My results are bad: Profiling with Prometheus

If your results are much worse than expected, you can inspect the metrics across time collected by Prometheus. Head to your benchmark results in /mnt/nfs/tmp, go to the specific run's folder (such as 001), then run:

prometheus --config.file=<(echo "") --storage.tsdb.path=prometheus_data --web.listen-address=0.0.0.0:9090

Then, on your local computer, run the following, where <ip> is the external IP of eval-primary, assuming you can SSH into eval-primary:

ssh -L 127.0.0.1:9090:localhost:9090 <ip>

Then navigate to localhost:9090 in your browser, click the Graph tab, and check metrics. Metrics can be logged in Dedalus like so, and in Scala like so. Feel free to add your own metric measurements; they are relatively lightweight.

Workers are crashing immediately

Create a new VM instance using worker-image, and check if it has access to /mnt/nfs/tmp, and can run java and prometheus from the command line. Then, check if eval-primary can SSH into itself and also run java and prometheus with the following, replacing <username> with the username on eval-primary:

ssh -i ~/.ssh/id_ed25519 <username>@localhost java
ssh -i ~/.ssh/id_ed25519 <username>@localhost prometheus

"port already in use"

This is usually caused by:

  1. Prometheus attempted to start on a port that conflicts with other processes, because the configuration you're trying to launch is too large, as seen here. Start Prometheus on a higher port number (like the 60000s).
  2. Zombie processes from previous runs. Find them with ps aux and kill them one by one, or if you can't, restart the VM.

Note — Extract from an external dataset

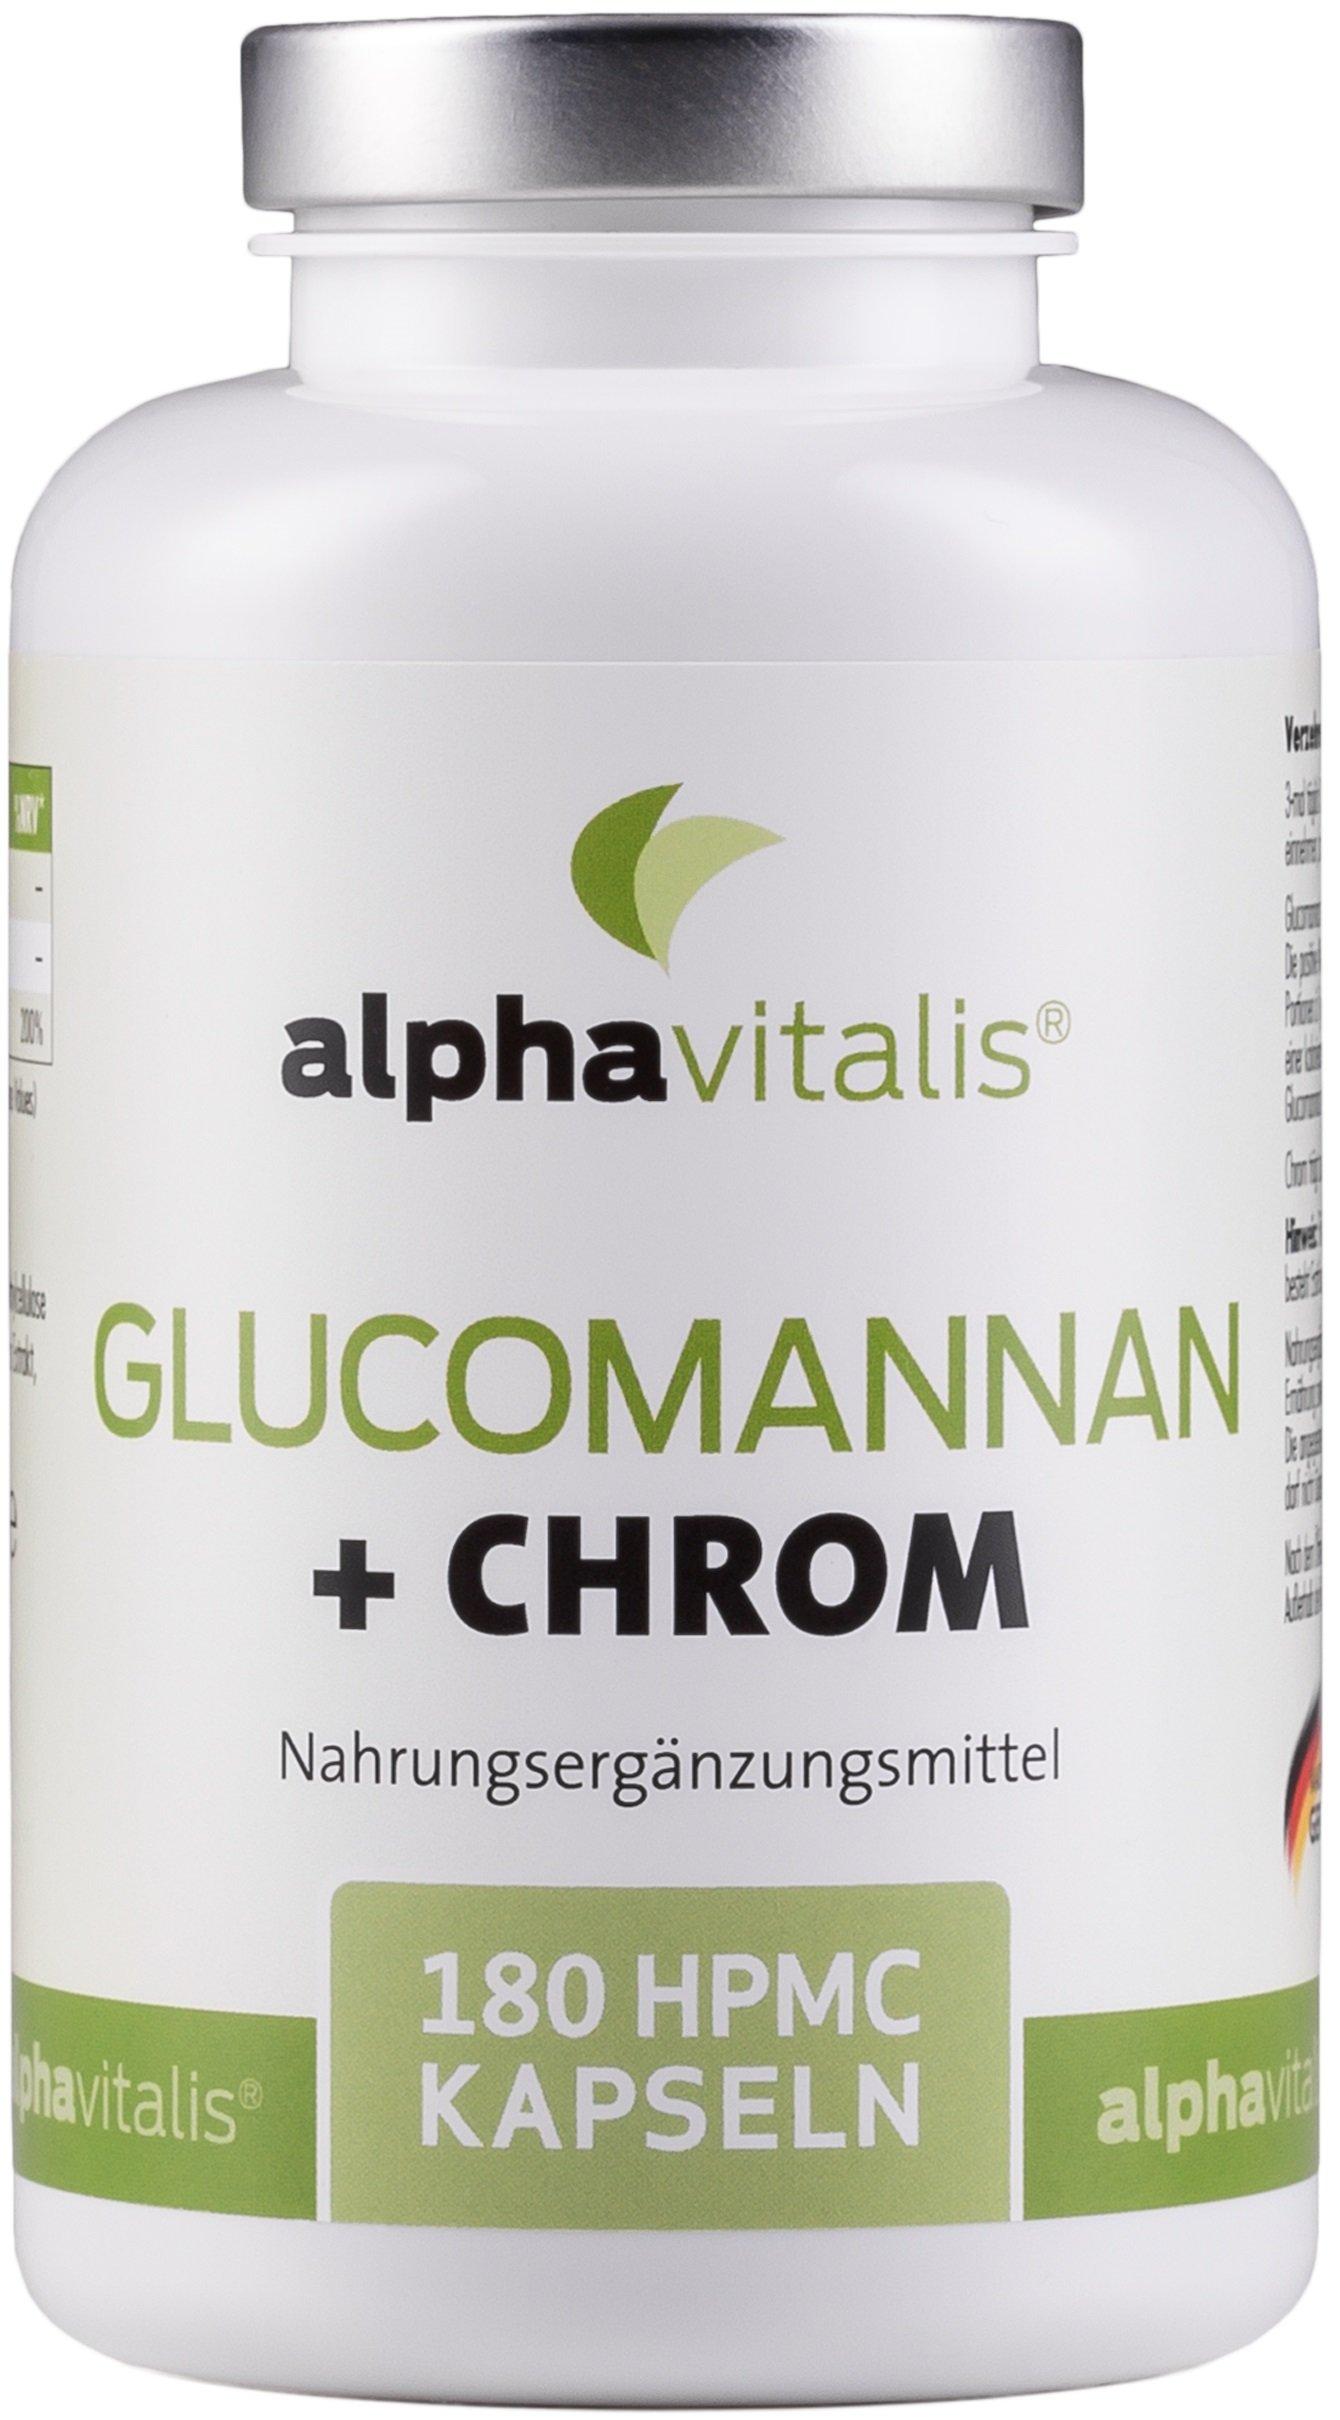 Glucomannan abnehmen ohne

My quorum-based protocol is performing poorly

Try waiting for all messages to arrive (2f+1 for Paxos, for example), instead of a quorum. This should simplify garbage collection logic, and make Dedalus way more performant for some reason.

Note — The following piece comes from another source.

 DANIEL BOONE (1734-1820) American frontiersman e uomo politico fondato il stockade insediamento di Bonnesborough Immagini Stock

Alternatively, check if you're using a relation that is persisted with .persist in the body of any rule. Since those relations grow monotonically, the evaluation of those rules will eventually slow down over time and should be avoided.

My Dedalus has weird typing errors

Check that all your types are correct (did you put 2 different types in the same attribute of a relation, or use the same relation with a different number of attributes). If so, type inference may have failed, so you should try manual annotation, like in this example where the type of nextSlot is manually annotated.